対中への警戒が薄い「自由民主」
米印抜きのRCEP評価、核の傘に入らぬ選択示す「公明」
日本が提唱した「自由で開かれたインド太平洋」構想に向けた国際的なコンセンサスが深まっている。クアッド(日米豪印)首脳会談、日米外務・防衛担当閣僚による安全保障協議委員会(2プラス2)で覇権主義を強める中国の脅威に対抗することが確認された。
ただ、政府・与党とは言え自民党や公明党の機関紙誌で中国への警戒は、さほど論じられることはない。むしろ前述のような多国間の対中連携の輪を緩めるかもしれない内容もある。
その一つが、地域的な包括的経済連携協定(RCEP)を扱った自民党機関紙「自由民主」(3・16)だ。政府が昨年11月に中国、韓国、東南アジア諸国連合(ASEAN)10カ国、オーストラリア(豪州)、ニュージーランドと共に署名し、これから国会で批准審議が行われるのに合わせ、東アジア・ASEAN経済研究センター(ERIA)の西村英俊事務総長の寄稿を掲載した。
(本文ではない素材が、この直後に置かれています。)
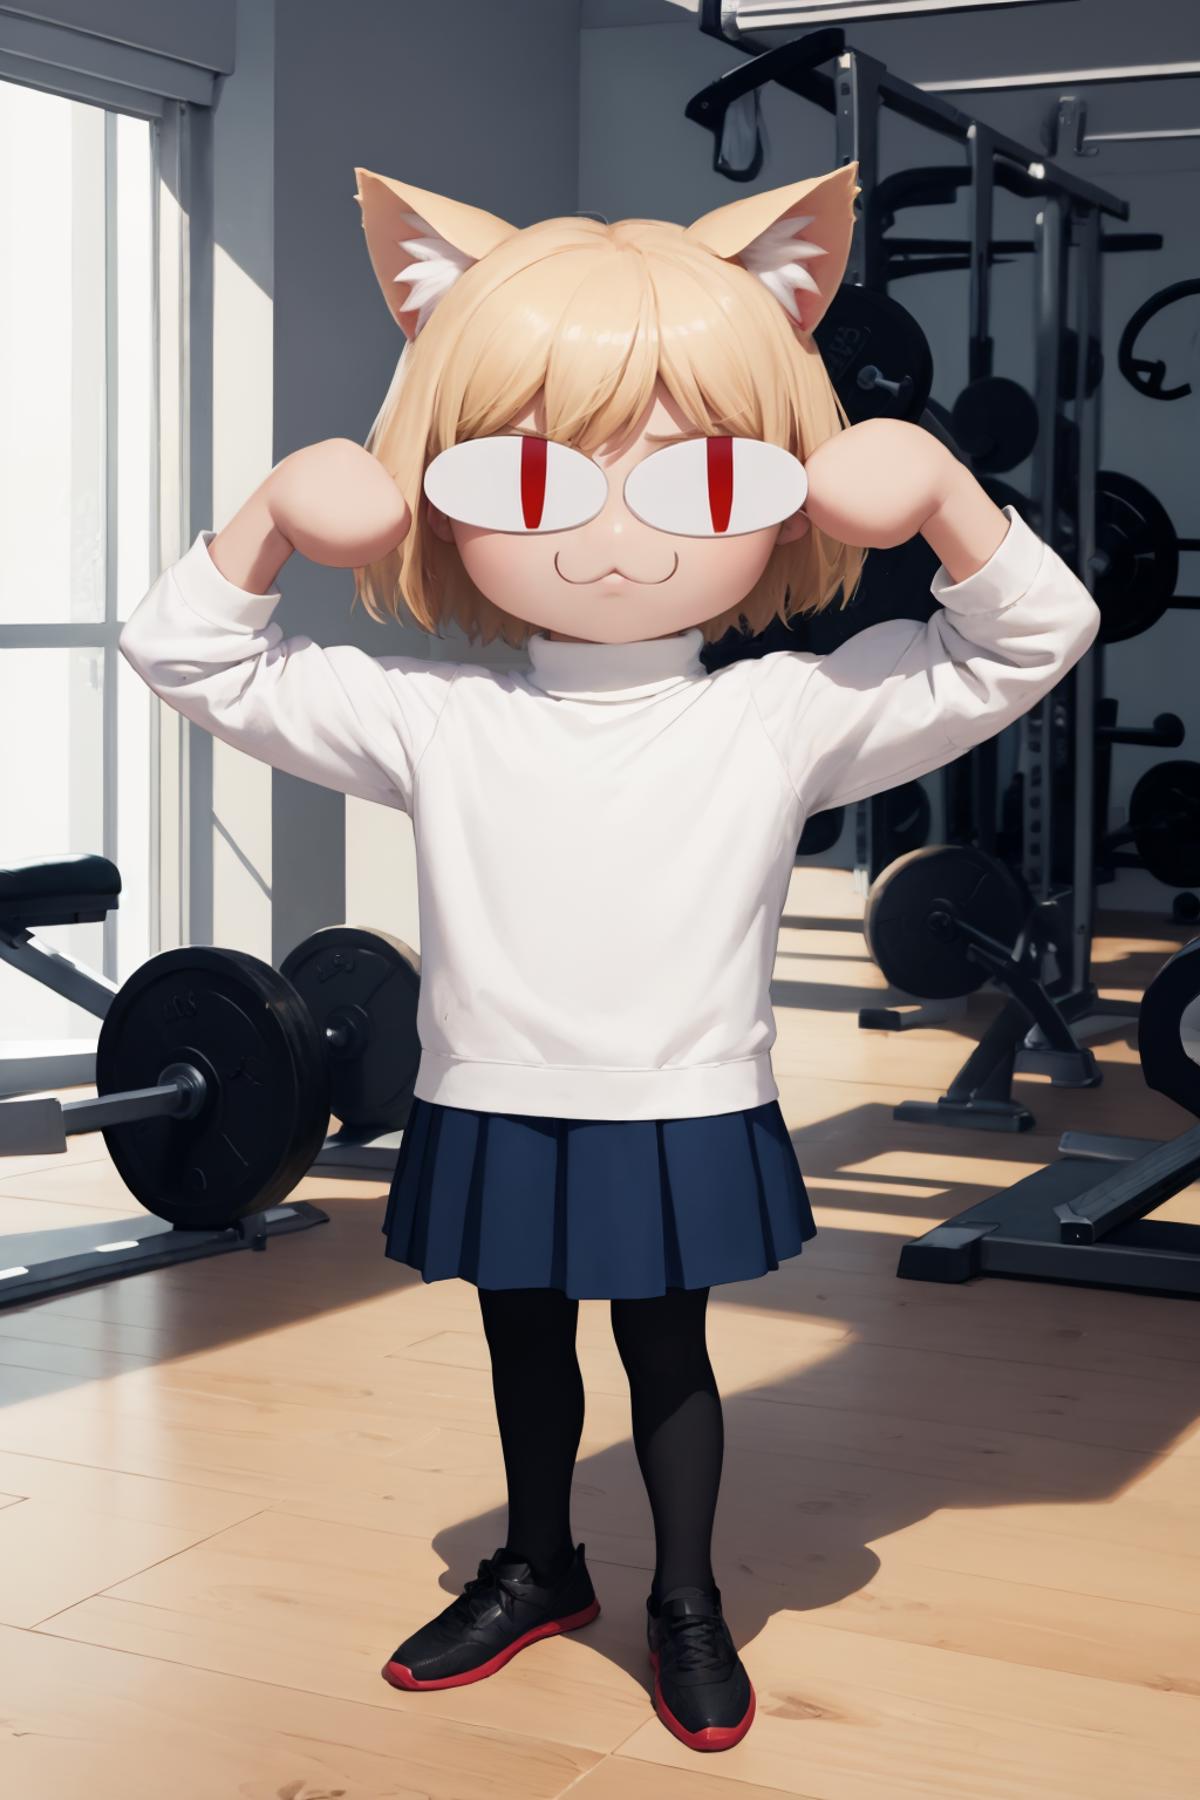 A cartoon image of a girl wearing a white shirt and blue skirt, posing with weights.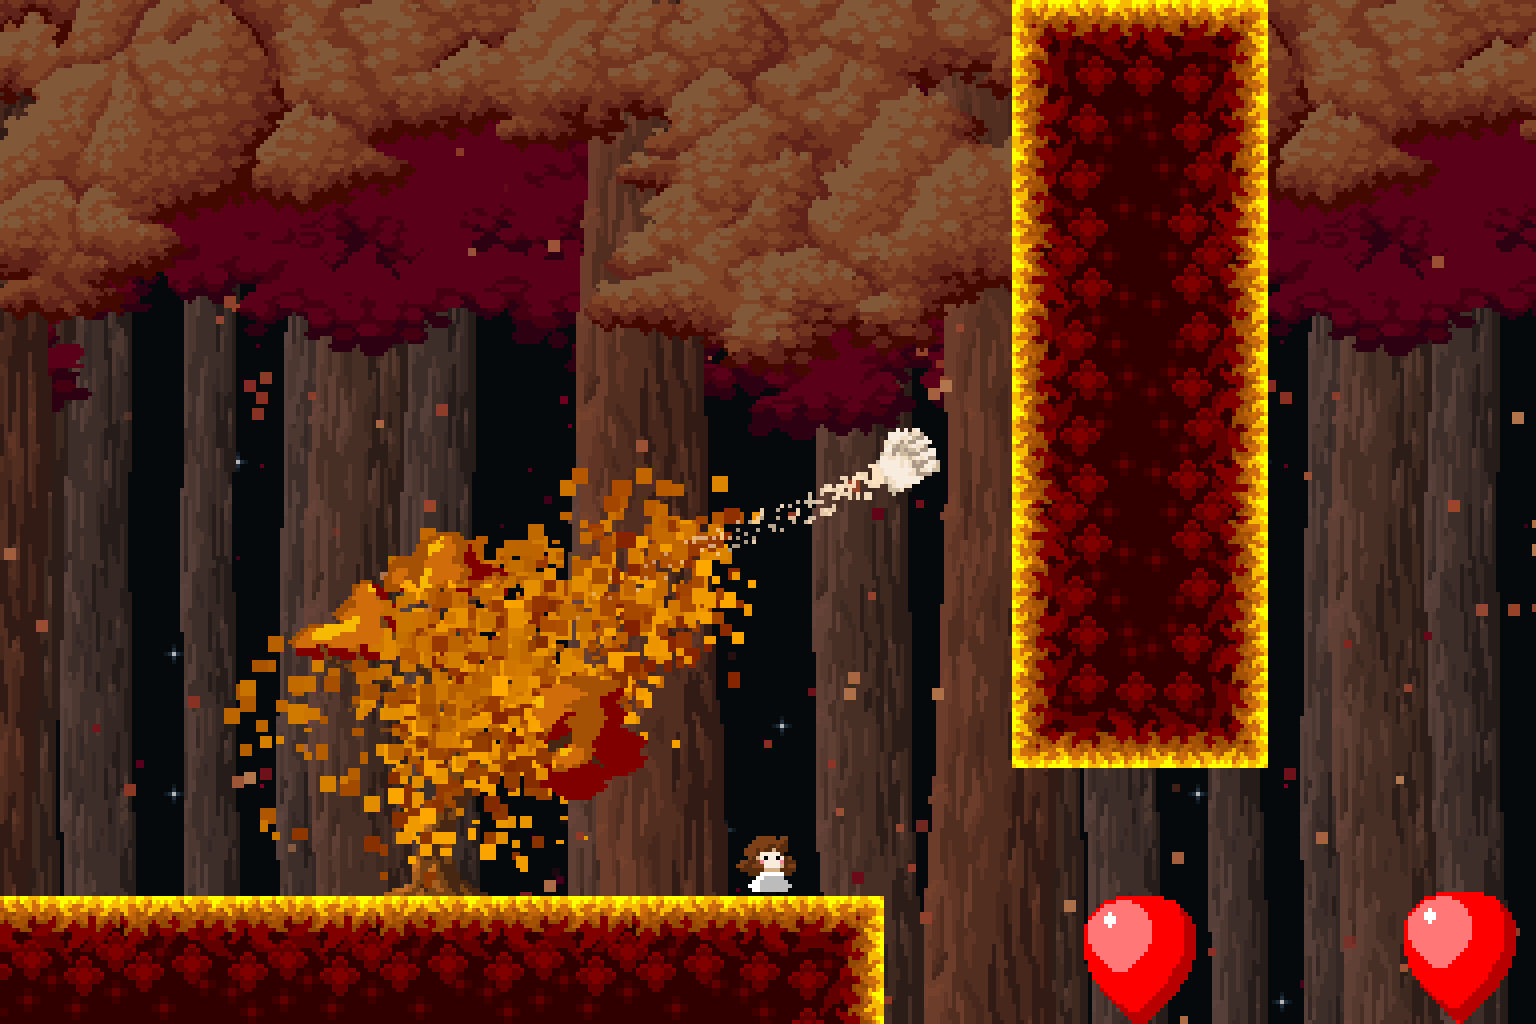 screenshot: Vivi is standing in a forest. A tree is being punched and leaves are falling off.

週刊8ページの同紙にしては6ページ目全面を割いた大きな扱いだが、「RCEPの源流は二階経産大臣(当時)に」(見出し)あることが理由だろう。記事中、ERIAが2007年に当時経産相だった現幹事長の二階俊博氏の下で創設されたことに触れている。
「日本主導により誕生したERIAには、日本からの拠出金と産学官からの人材派遣、そして自民党が中心となった超党派ERIA議員連盟など、オールジャパンで支援しており、日本が目に見える形で国際貢献している最も成功した例」だとして、RCEPを推進した役割を強調している。
日本アセアンセンターと紛らわしいが、これと別に「東アジア」として中国を加えたのがERIAだ。その上、RCEPの真ん中に位置し、同協定への署名を主導したのは中国である。国土、人口、市場・生産高など経済規模に加え、先端技術開発でも近年はわが国を凌駕(りょうが)する開発力がある。
RCEPによって関税を削減し、「データが自由に流通する環境を生かし、各地の工場がIoT(モノのインターネット)でつながる競争力ある国際的生産ネットワークを世界に先駆けて構築」するなどのメリットは、わが国に恩恵が及ぶだろうが、それ以上に中国に利益をもたらそう。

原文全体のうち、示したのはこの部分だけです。